Similar plaudits are owed to Sean Rigby, who’s also faced the tough task of capturing a man already familiar to us from Morses past. The DS Strange we meet in ‘Striker’ is an altogether more dapper, organised man than we’ve seen him before; someone who, like Morse, is in search of a little more to fill his life than take-home murder cases and dinners for one. At least, that’s what we might deduce from the concerned look on his face as he opens his invitation to a Masonic function, for which a date is most definitely expected. 

It’s Joan Thursday, for whom Endeavour’s carried a torch for years, that Strange settles on as his potential plus one. She’s back home in Oxford again, working at a women’s refuge as part of her employment with Welfare. Joan’s flattered by the unexpected invitation, and – much to Strange’s evident surprise – she accepts. Would you believe me if I say that I called this particular development last year? Probably not, but it always seemed clear that something pretty serious had to happen to disrupt the budding friendship between Strange and his former housemate, given how fractious their relationship in Inspector Morse will turn out to be…

Morse is stuck with this episode’s other case: a phoned-in threat against the life of Oxford Wanderers’ star striker, Northern Irish international Jack Swift (Julian Moore-Cook). Football is entering its baroque phase in ‘71, with rising salaries and glamour girls galore. Morse, for whom sports, money and women are, shall we say, thorny subjects, isn’t exactly living his best life when he’s assigned to act as Swift’s bodyguard. In a world where players are given names like the ‘Doncaster Dynamo’ (your South-Yorkshire-born reviewer might have to pinch that one herself), the glory days of Keegan and Best are conjured, though they’re never referred to here. This episode is full of other old ghosts, however, and when the link between the two cases is revealed, we finally come to understand who really wants Jack Swift dead, and why. 

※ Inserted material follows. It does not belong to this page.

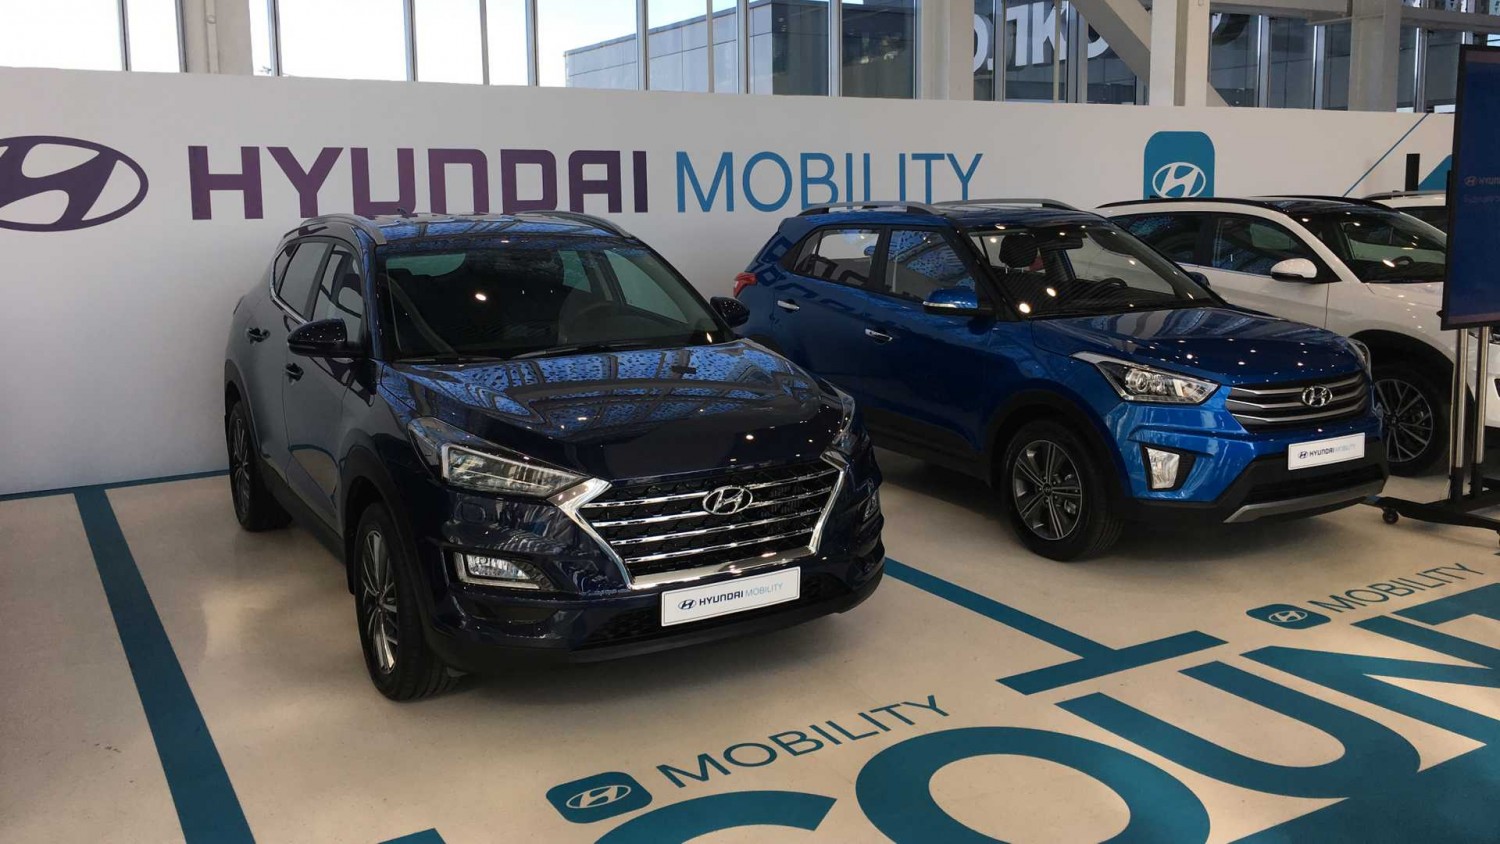 Сервис аренды авто по подписке Hyundai Mobility доступен в ещё шести городах РФ
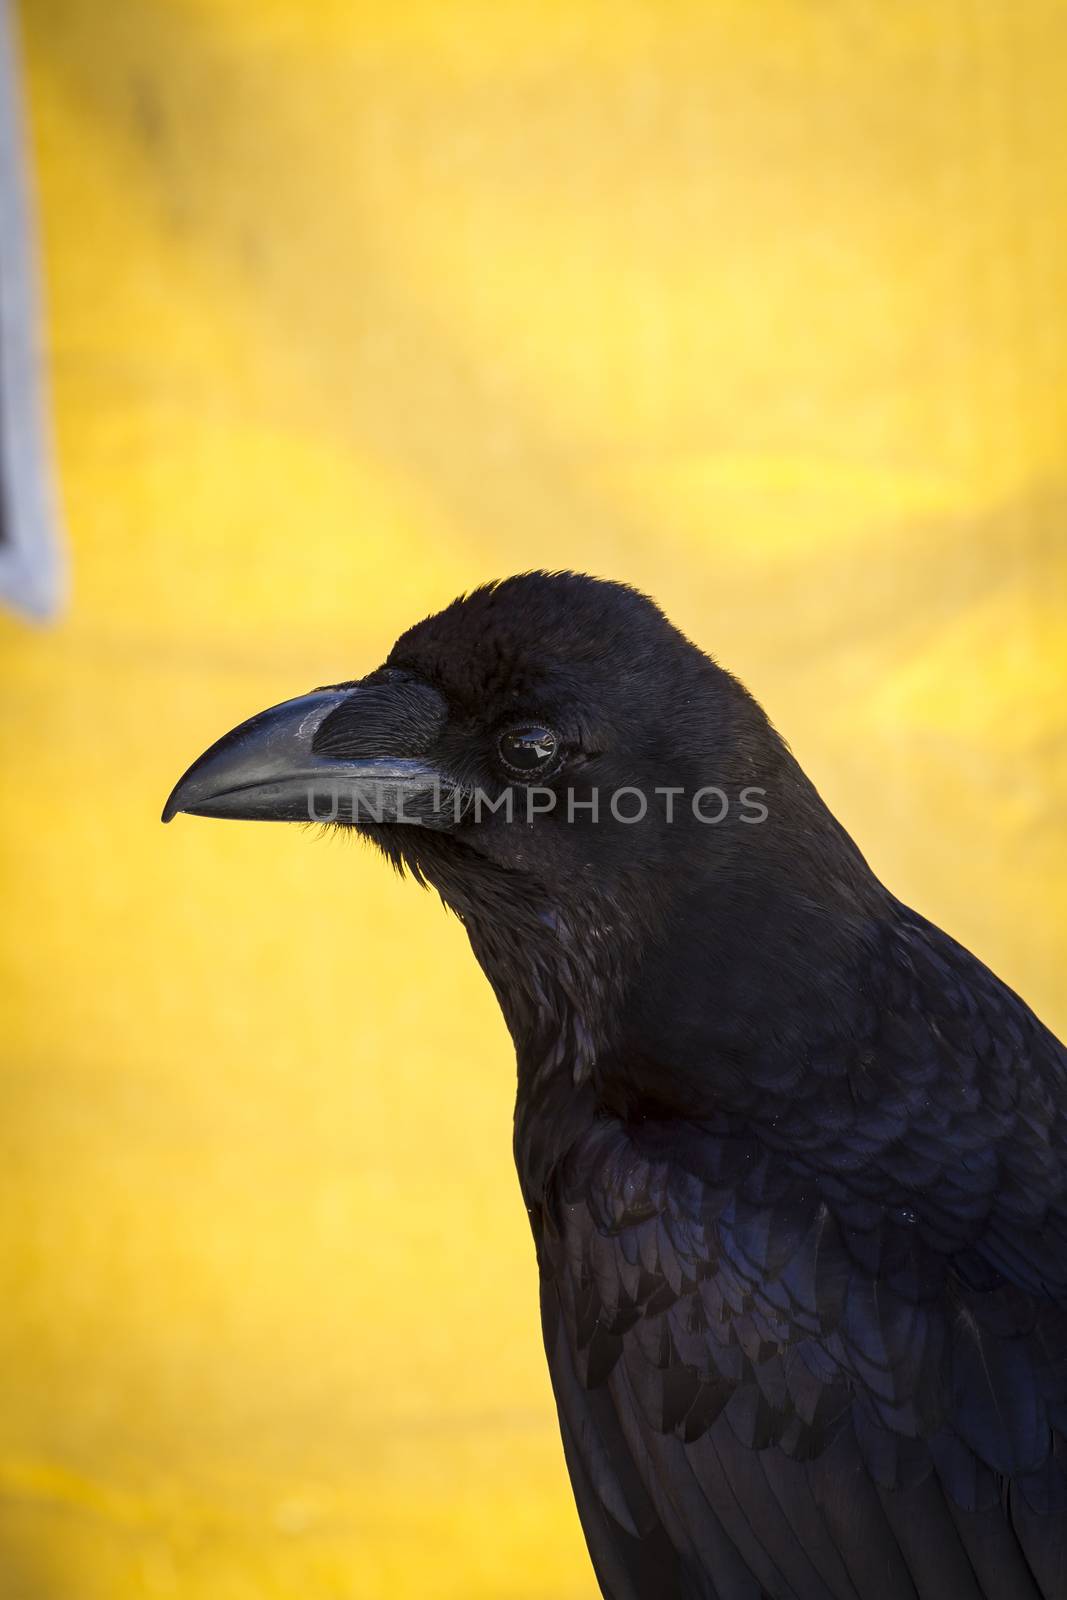 Looking black crow in a sample of birds of prey, medieval fair

1971 was a year of great turmoil and loss in Northern Ireland, the consequences of which resonate to this day. That complex political situation was, I thought, handled less sensitively than it could have been in this episode, but viewers from NI deserve the last word on that subject. A shame, as this is otherwise a series with a keen eye for its period. This episode gives us Max Bygraves’ song hailing the virtues of the UK’s new decimal currency (yes, really) and an appropriately jaded take on the seedier side of ‘70s Britain: the land of Get Carter and The Good Life, as much a mass of fascinating contradictions as it is today. It remains to be seen where series eight will take Endeavour Morse, but, on this evidence, a rough road lies ahead. 

Endeavour series 8 continues on Sunday the 19th of September at 8pm on ITV.